Mizuho has maintained a presence in India for around three decades. It currently operates five branches across Indian cities and a unit in the Gujarat International Finance Tec-City (GIFT City). In December 2025, Mizuho Securities, the group’s investment banking arm, agreed to acquire a majority stake in Indian investment bank Avendus Capital for approximately $523 million, signalling the group’s deepening commitment to India’s capital markets.
Piyush Agarwal, Senior Managing Director and India Co-country Head of Mizuho Bank, described India as a key strategic market for the Japanese financial group’s long-term international growth.
Key Takeaways
- Bank of Baroda and Mizuho Bank signed a strategic partnership on June 30, 2026 in Mumbai for M&A financing and cross-border corporate banking.

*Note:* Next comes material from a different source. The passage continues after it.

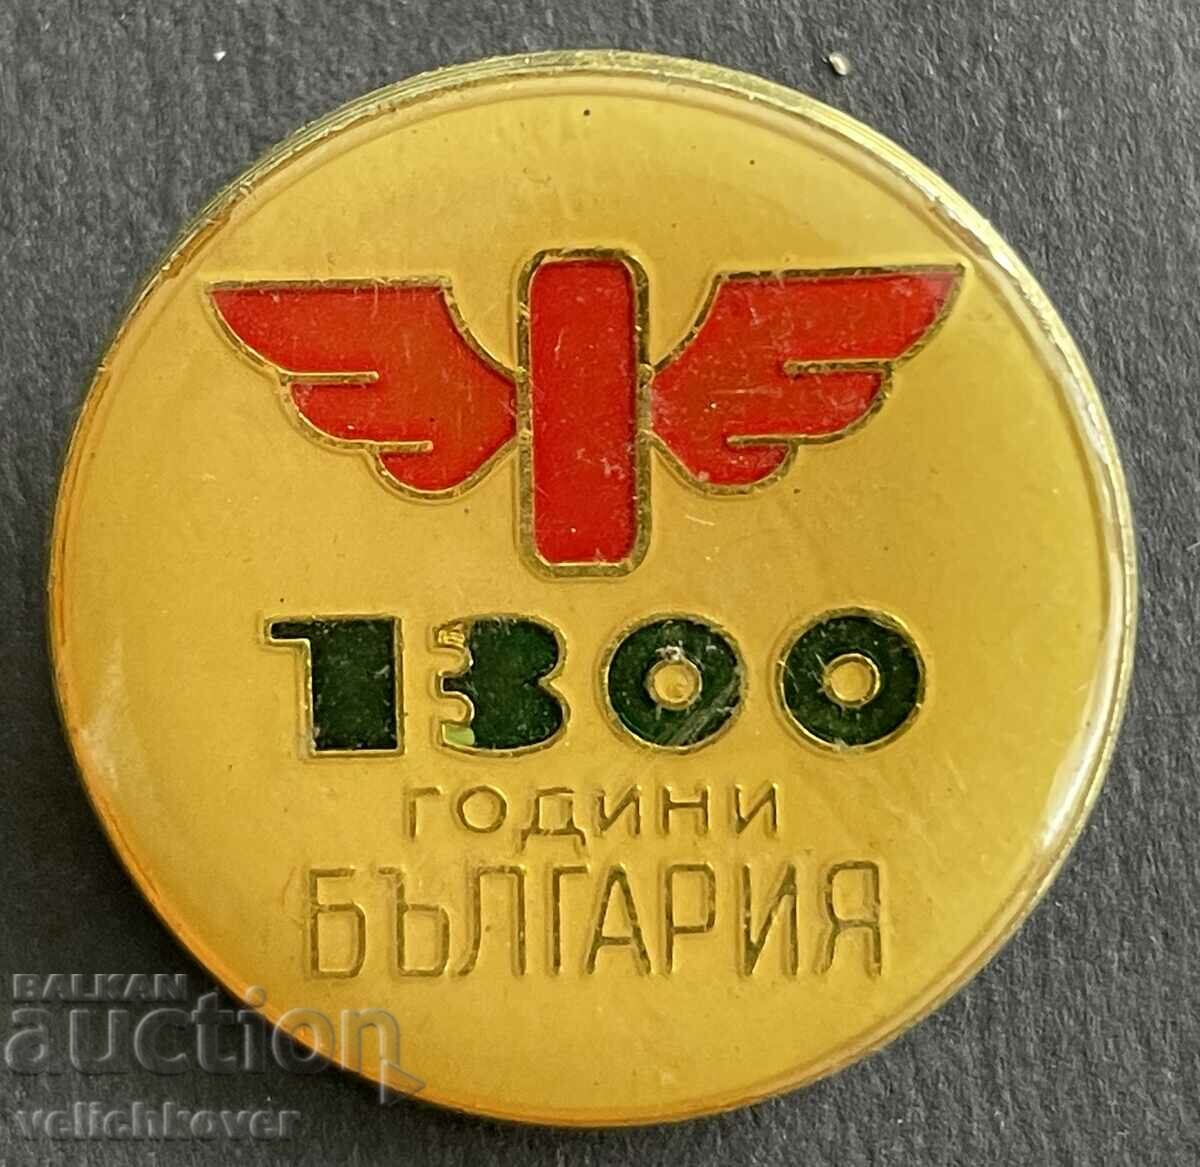 37643 Bulgaria semn BDZ 1300. Bulgaria 1981

- The partnership covers acquisition finance, joint origination, co-underwriting, syndication, M&A advisory, foreign exchange hedging, and escrow services.
- The agreement follows the RBI’s February 2026 landmark reform allowing commercial banks to fund up to 75% of acquisition value, effective from April 1, 2026.
- Bank of Baroda was founded in 1908 by Maharaja Sayajirao Gaekwad III and is India’s second largest public sector bank, headquartered in Vadodara, Gujarat.
- Mizuho Financial Group was formed in 2002 through the merger of three historic Japanese banks and is one of Japan’s three megabanks, with roots tracing back to 1873.
- Mizuho has operated in India for three decades with five branches and a GIFT City unit, and its securities arm acquired a majority stake in Avendus Capital for $523 million in December 2025.